Single by Alt-J

from the album An Awesome Wave
- A-side: "Matilda"
- Released: 18 May 2012 (split single)
- Recorded: 2011
- Genre: Industrial rock; experimental rock; indietronica; indie rock; art rock;
- Length: 3:42
- Label: Infectious
- Songwriters: Augustus Figaro Niso Unger-Hamilton, Thomas Stuart Green, Joe Jerome Newman, Gwilym David Dylan Sainsbury
- Producer: Charlie Andrew

Alt-J singles chronology
| "Something Good" (2012) | "Fitzpleasure" (2012) | "Dissolve Me" (2013) |

= Fitzpleasure =

"Fitzpleasure" is a song by British indie pop band Alt-J from their debut studio album An Awesome Wave (2012).

==Music video==
A music video for the song, composed of black and white clips, was directed by Emile Sornin and published to YouTube on November 5, 2012.

==Remakes==
After seeing the band perform live, Jim James, lead vocalist, guitarist, and songwriter for My Morning Jacket said, "...It kind of gave me this good, foreboding feeling.
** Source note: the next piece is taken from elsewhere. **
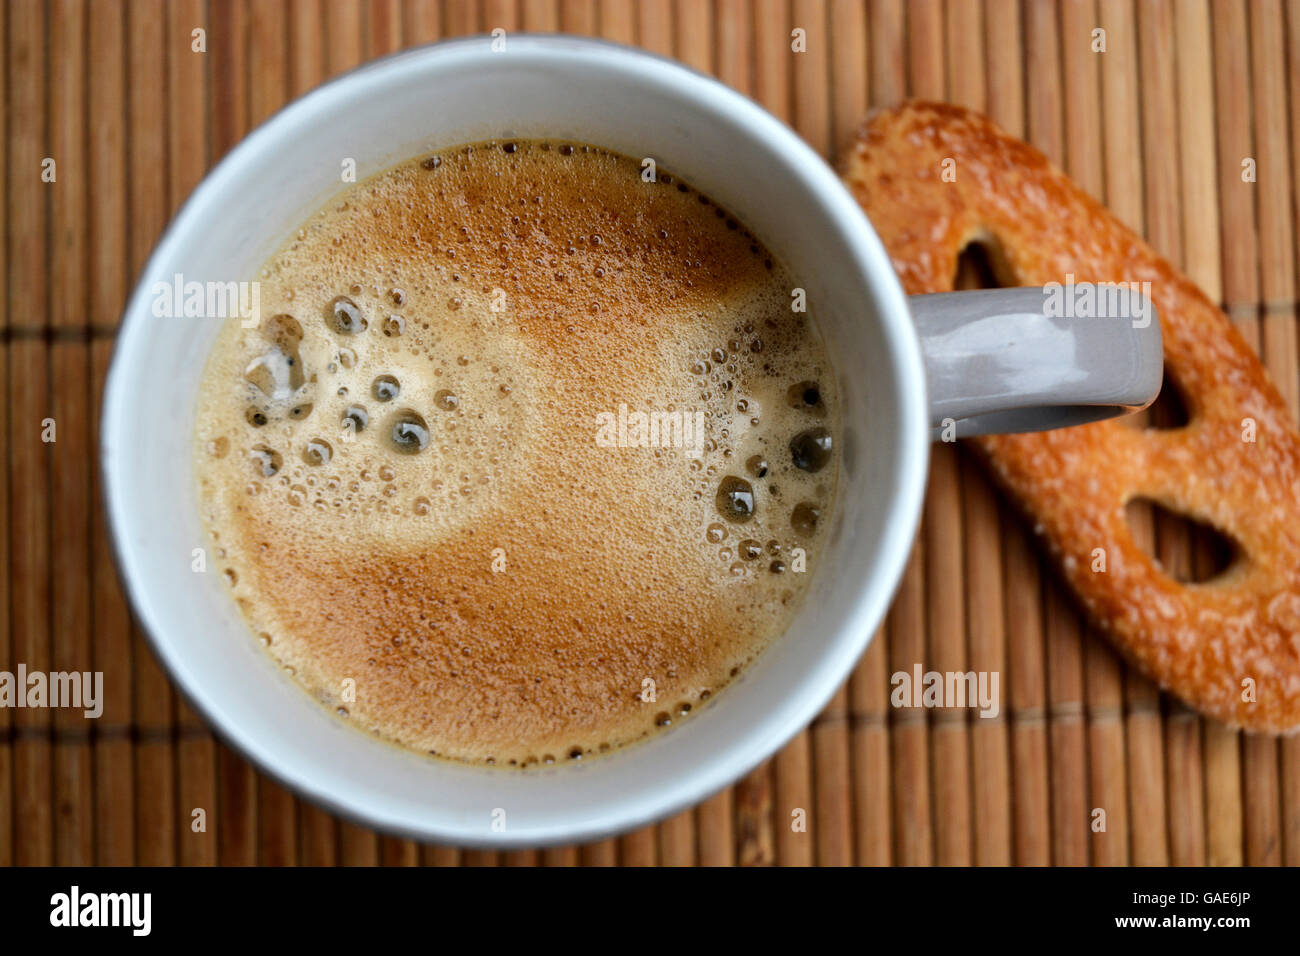 Grey cup of coffee in a mug on a bamboo placemat with cairn zen stones Stock Photo

It was like seeing one of the great bands very young." This encouraged James to remix the song, and his 'Apple C' remix was included on the deluxe edition of An Awesome Wave.

The song was used by American recording artist Miley Cyrus during her Bangerz Tour, in a bondage-themed video interlude titled Tongue Tied. This later inspired the band to sample a line from her song "4x4" on "Hunger of the Pine", the lead single from their second album This Is All Yours (2014).

==Charts==

| Chart (2012–13) | Peak position |
|---|---|
| Austria (Ö3 Austria Top 40) | 47 |
| US Hot Rock & Alternative Songs (Billboard) | 48 |
| US Alternative Airplay (Billboard) | 27 |
| US Rock & Alternative Airplay (Billboard) | 44 |

==Certifications==

| Region | Certification | Certified units/sales |
| United Kingdom (BPI) | Silver | 200,000^{‡} |
| United States (RIAA) | Gold | 500,000^{‡} |
^{‡} Sales+streaming figures based on certification alone.